Items from a dataset
● ● ● ● ● ● ●

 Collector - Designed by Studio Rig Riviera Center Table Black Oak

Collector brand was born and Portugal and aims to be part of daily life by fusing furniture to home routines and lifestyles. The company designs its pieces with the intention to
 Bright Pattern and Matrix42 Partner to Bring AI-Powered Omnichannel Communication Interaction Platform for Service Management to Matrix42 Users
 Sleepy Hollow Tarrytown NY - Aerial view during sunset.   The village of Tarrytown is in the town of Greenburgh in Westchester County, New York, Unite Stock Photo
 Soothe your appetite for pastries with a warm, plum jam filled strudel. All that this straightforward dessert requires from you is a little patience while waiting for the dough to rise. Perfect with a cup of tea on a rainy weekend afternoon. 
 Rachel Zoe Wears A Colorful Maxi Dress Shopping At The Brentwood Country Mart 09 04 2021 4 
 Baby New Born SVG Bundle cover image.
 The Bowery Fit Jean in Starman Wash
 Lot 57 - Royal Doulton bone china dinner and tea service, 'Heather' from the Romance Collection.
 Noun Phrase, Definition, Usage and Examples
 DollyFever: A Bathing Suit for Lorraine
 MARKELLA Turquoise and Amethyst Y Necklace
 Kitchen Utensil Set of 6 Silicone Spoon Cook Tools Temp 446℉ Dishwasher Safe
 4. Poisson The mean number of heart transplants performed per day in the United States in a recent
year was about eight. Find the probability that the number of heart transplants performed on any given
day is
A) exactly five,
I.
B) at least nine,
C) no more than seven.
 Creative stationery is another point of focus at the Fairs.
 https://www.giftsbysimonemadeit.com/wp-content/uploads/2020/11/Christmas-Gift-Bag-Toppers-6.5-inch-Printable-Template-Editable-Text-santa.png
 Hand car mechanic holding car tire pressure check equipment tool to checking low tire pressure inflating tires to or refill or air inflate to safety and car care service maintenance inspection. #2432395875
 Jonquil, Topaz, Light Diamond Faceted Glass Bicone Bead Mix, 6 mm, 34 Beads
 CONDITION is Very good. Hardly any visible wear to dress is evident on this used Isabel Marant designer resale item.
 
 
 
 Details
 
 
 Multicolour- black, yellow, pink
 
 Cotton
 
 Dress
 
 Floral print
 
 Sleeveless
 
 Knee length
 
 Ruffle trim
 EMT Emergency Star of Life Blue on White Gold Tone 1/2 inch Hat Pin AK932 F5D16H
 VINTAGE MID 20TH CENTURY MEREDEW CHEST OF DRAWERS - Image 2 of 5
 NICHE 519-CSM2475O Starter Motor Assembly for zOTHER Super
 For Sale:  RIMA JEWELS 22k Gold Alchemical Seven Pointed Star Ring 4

● ● ● ● ● ● ●

• About this task:
Copy out every record again, letter for letter.

• Answer section:
 Collector - Designed by Studio Rig Riviera Center Table Black Oak

Collector brand was born and Portugal and aims to be part of daily life by fusing furniture to home routines and lifestyles. The company designs its pieces with the intention to
 Bright Pattern and Matrix42 Partner to Bring AI-Powered Omnichannel Communication Interaction Platform for Service Management to Matrix42 Users
 Sleepy Hollow Tarrytown NY - Aerial view during sunset.   The village of Tarrytown is in the town of Greenburgh in Westchester County, New York, Unite Stock Photo
 Soothe your appetite for pastries with a warm, plum jam filled strudel. All that this straightforward dessert requires from you is a little patience while waiting for the dough to rise. Perfect with a cup of tea on a rainy weekend afternoon. 
 Rachel Zoe Wears A Colorful Maxi Dress Shopping At The Brentwood Country Mart 09 04 2021 4 
 Baby New Born SVG Bundle cover image.
 The Bowery Fit Jean in Starman Wash
 Lot 57 - Royal Doulton bone china dinner and tea service, 'Heather' from the Romance Collection.
 Noun Phrase, Definition, Usage and Examples
 DollyFever: A Bathing Suit for Lorraine
 MARKELLA Turquoise and Amethyst Y Necklace
 Kitchen Utensil Set of 6 Silicone Spoon Cook Tools Temp 446℉ Dishwasher Safe
 4. Poisson The mean number of heart transplants performed per day in the United States in a recent
year was about eight. Find the probability that the number of heart transplants performed on any given
day is
A) exactly five,
I.
B) at least nine,
C) no more than seven.
 Creative stationery is another point of focus at the Fairs.
 https://www.giftsbysimonemadeit.com/wp-content/uploads/2020/11/Christmas-Gift-Bag-Toppers-6.5-inch-Printable-Template-Editable-Text-santa.png
 Hand car mechanic holding car tire pressure check equipment tool to checking low tire pressure inflating tires to or refill or air inflate to safety and car care service maintenance inspection. #2432395875
 Jonquil, Topaz, Light Diamond Faceted Glass Bicone Bead Mix, 6 mm, 34 Beads
 CONDITION is Very good. Hardly any visible wear to dress is evident on this used Isabel Marant designer resale item.
 
 
 
 Details
 
 
 Multicolour- black, yellow, pink
 
 Cotton
 
 Dress
 
 Floral print
 
 Sleeveless
 
 Knee length
 
 Ruffle trim
 EMT Emergency Star of Life Blue on White Gold Tone 1/2 inch Hat Pin AK932 F5D16H
 VINTAGE MID 20TH CENTURY MEREDEW CHEST OF DRAWERS - Image 2 of 5
 NICHE 519-CSM2475O Starter Motor Assembly for zOTHER Super
 For Sale:  RIMA JEWELS 22k Gold Alchemical Seven Pointed Star Ring 4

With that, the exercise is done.